*Task description*:
Without including any pictures, write out the listing below exactly.

*Data provided*:
- - -
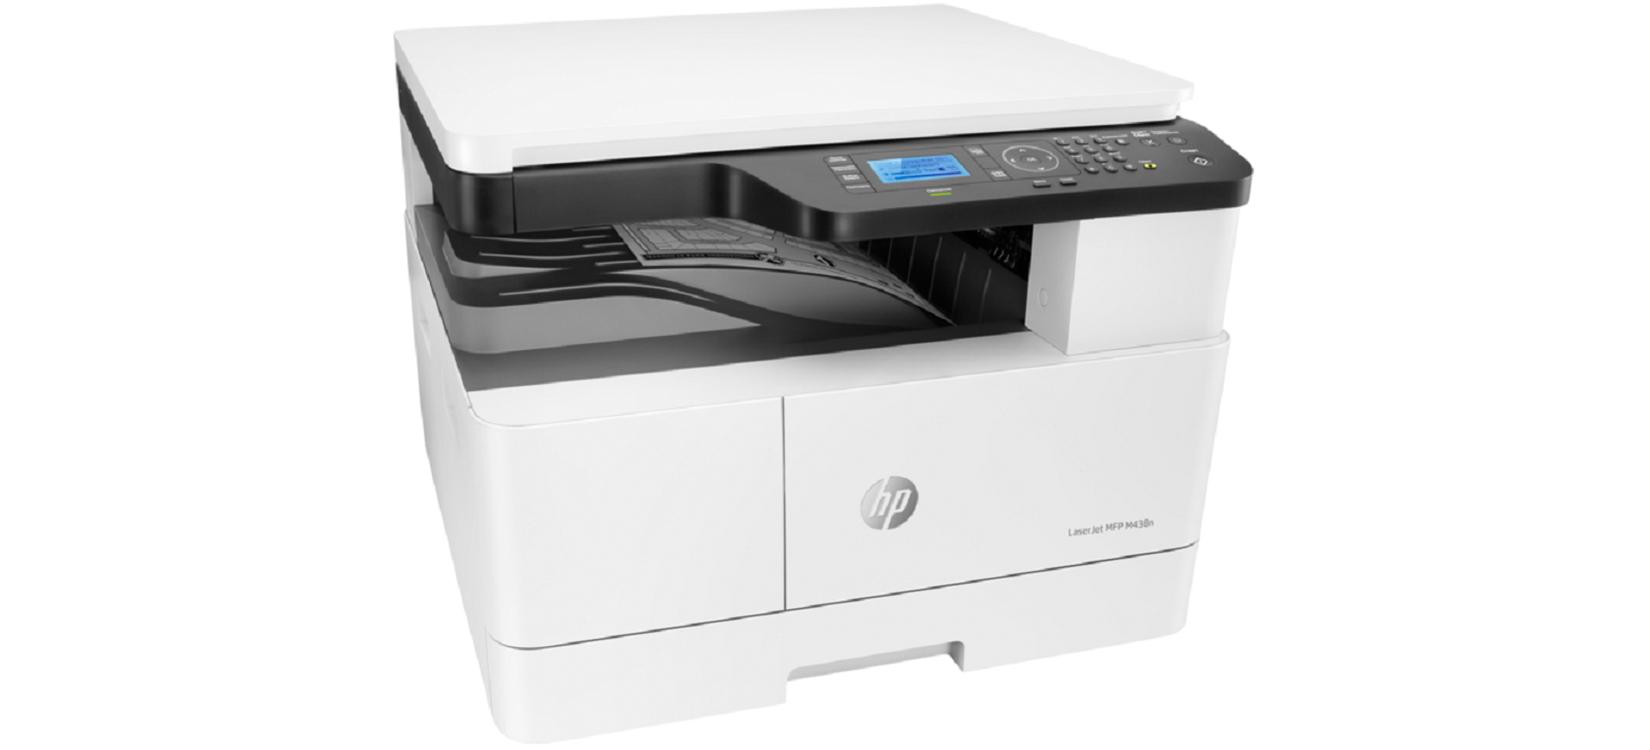 Máy quét HP ScanJet Enterprise Flow N9120 fn2 1
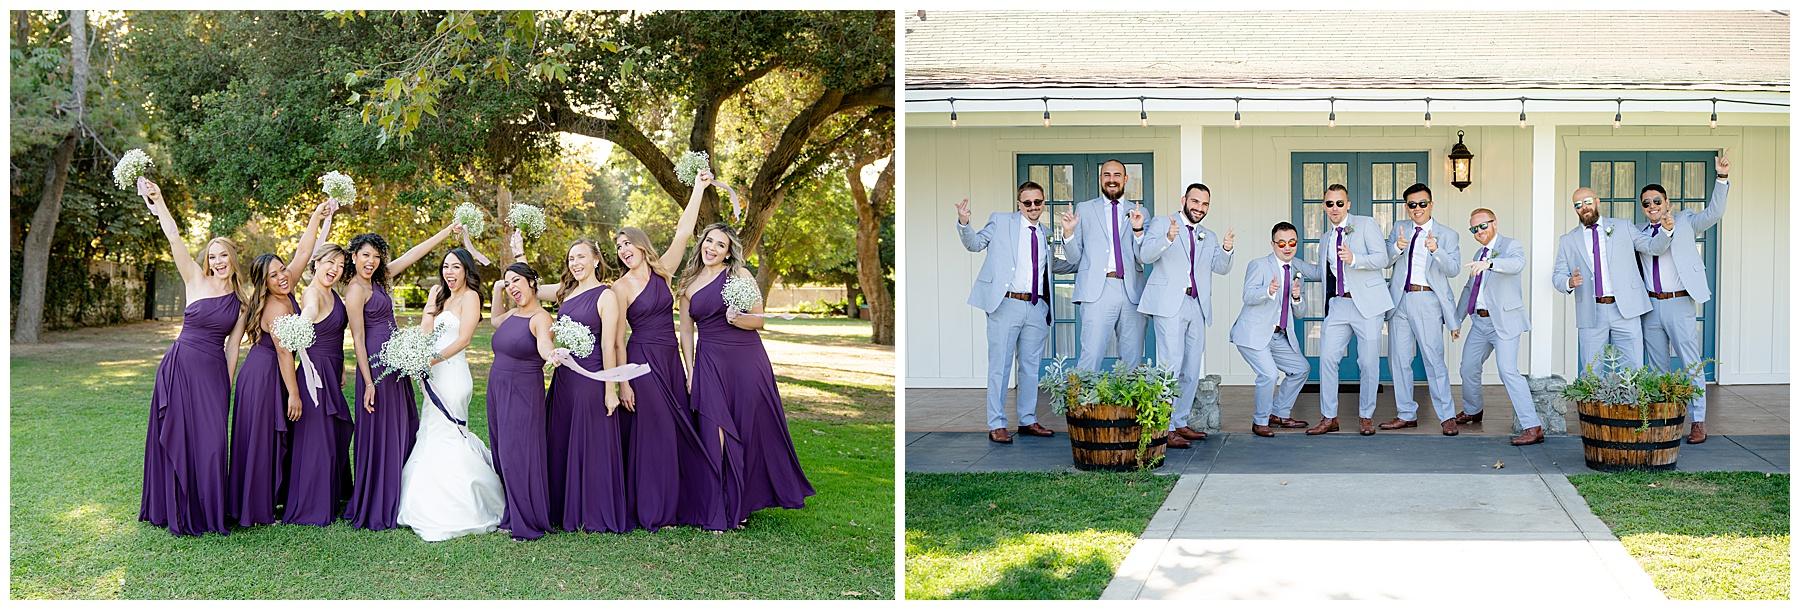 calamigos equestrian center wedding wedding party
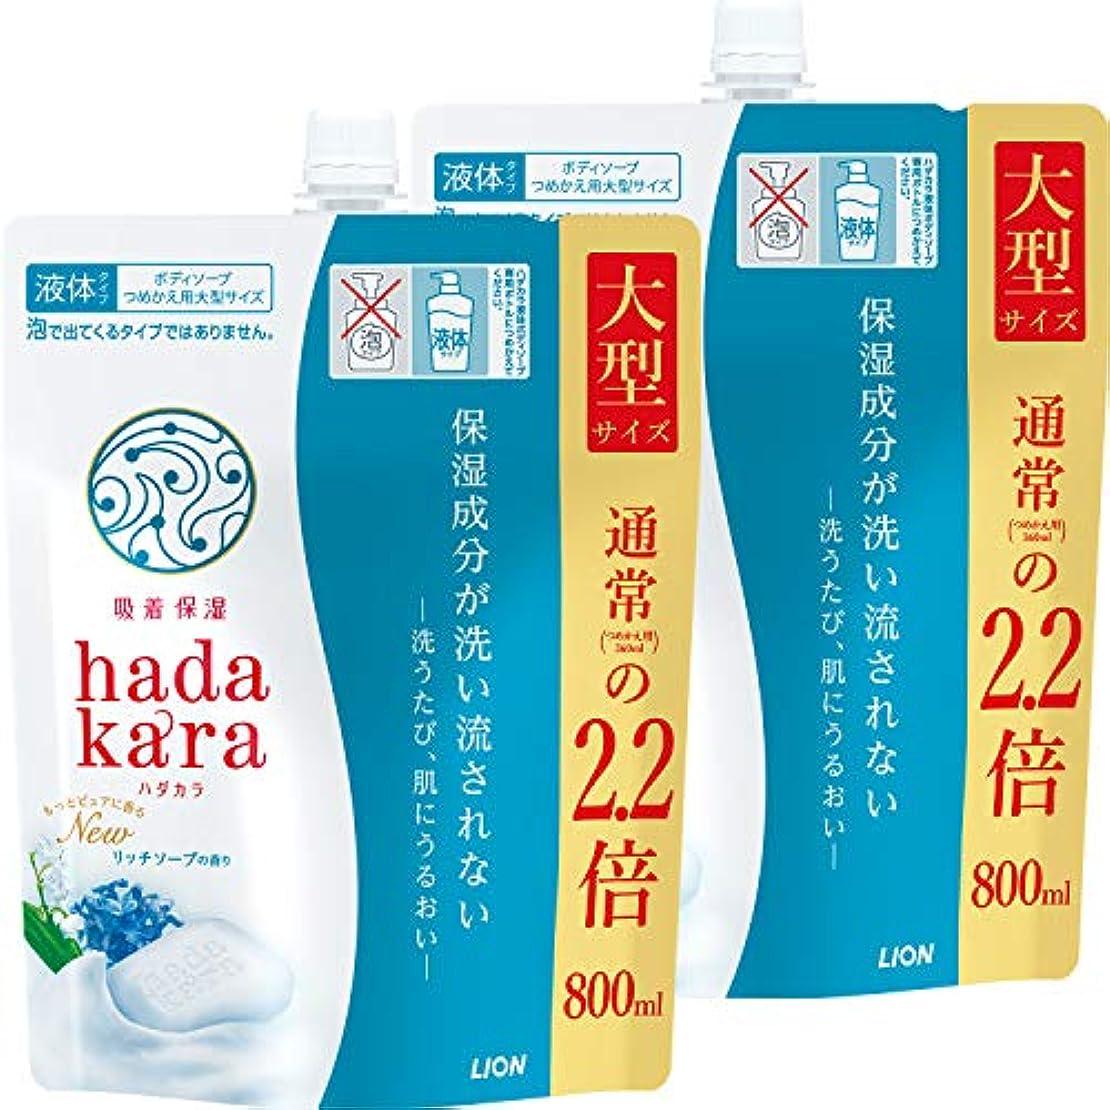 水曜日レイそれぞれhadakara(ハダカラ) ボディソープ リッチソープの香り つめかえ用大型サイズ 800ml×2個
- - -
*Answer for the task*:
 Máy quét HP ScanJet Enterprise Flow N9120 fn2 1
 calamigos equestrian center wedding wedding party
 水曜日レイそれぞれhadakara(ハダカラ) ボディソープ リッチソープの香り つめかえ用大型サイズ 800ml×2個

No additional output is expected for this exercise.